3:13 a.m.: Margarita, whose son is serving in the Belarusian Army and is currently deployed near the Ukrainian border, told Radio Free Europe/Radio Liberty last week that she instructed him to "run in the opposite direction or surrender" if he is ordered to fight Ukrainians.

She said mothers worried about their own sons amid rumors of an imminent call-up should "hide them somewhere."

"You just need to not go to the military office and hide the children," Margarita said, "so they're not going to fight for other people's interests."

1:32 a.m.: Polish pipeline operator PERN said Saturday that the pumping of crude oil in the damaged Druzhba pipeline has been restored, Reuters reported.

"PERN's technical services restored the full functionality of the damaged pipeline used to deliver crude oil to the company's German customers on Saturday," PERN said in a statement.

The leak was discovered late on Tuesday and PERN said the next day that there was no sign that third-party interference caused the damage.

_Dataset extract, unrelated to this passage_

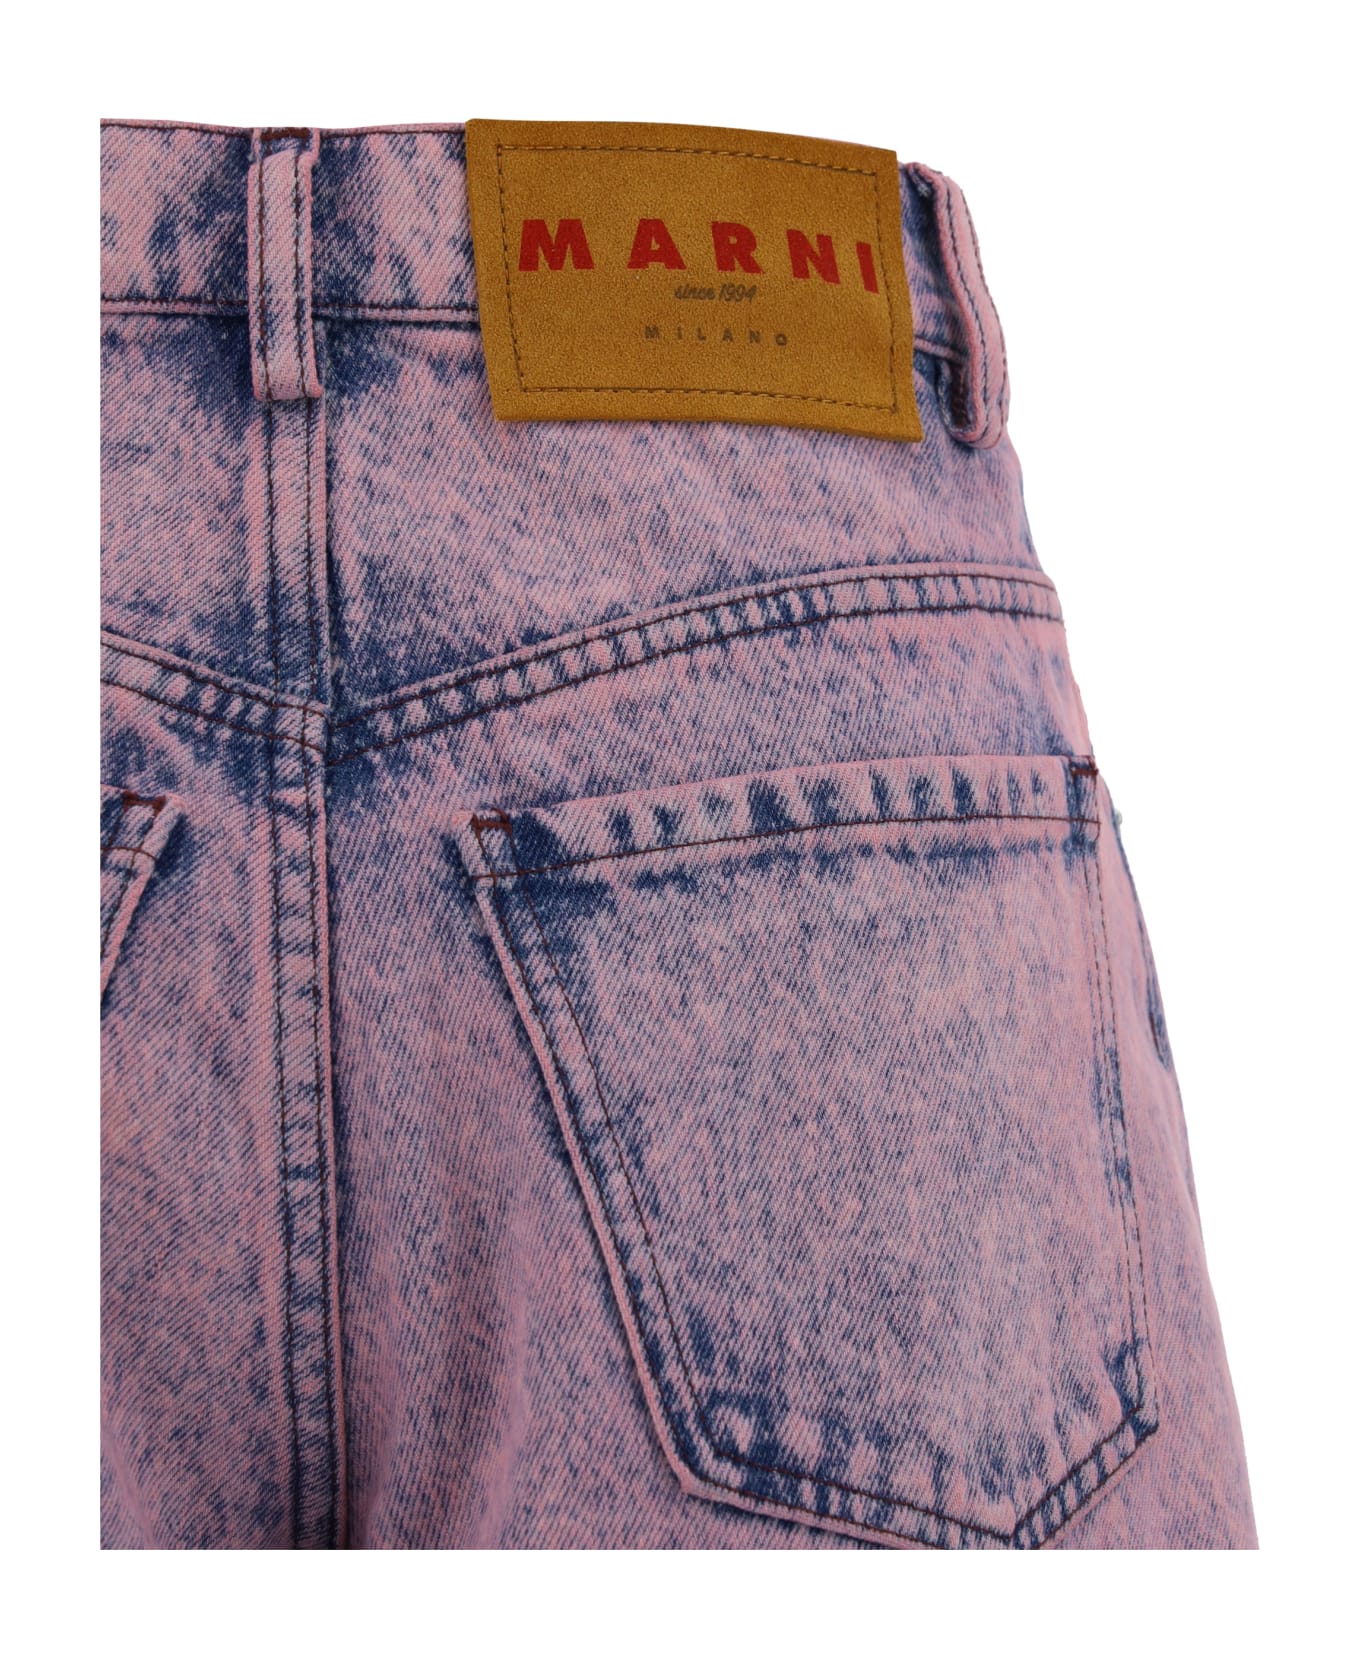 Marni Jeans - Pink Gummy

"The causes that led to the leakage are being investigated. ... Currently, the activity of PERN services is focused on clearing the area and restoring it to its original condition, PERN said Saturday.

12:02 a.m.: Arab media reported Saturday that Egypt's energy minister, Tarek el Molla, who attended the East Mediterranean Gas Forum in Cyprus on Friday, said that gas supplies in the East Med region will be what he called “a life-saver for Europe at a time of crisis," and "could eventually meet Europe's gas needs if the proper investments are made," reports Edward Yeranian from Cairo for VOA.

Some information in this report came from Agence France-Presse, The Associated Press and Reuters.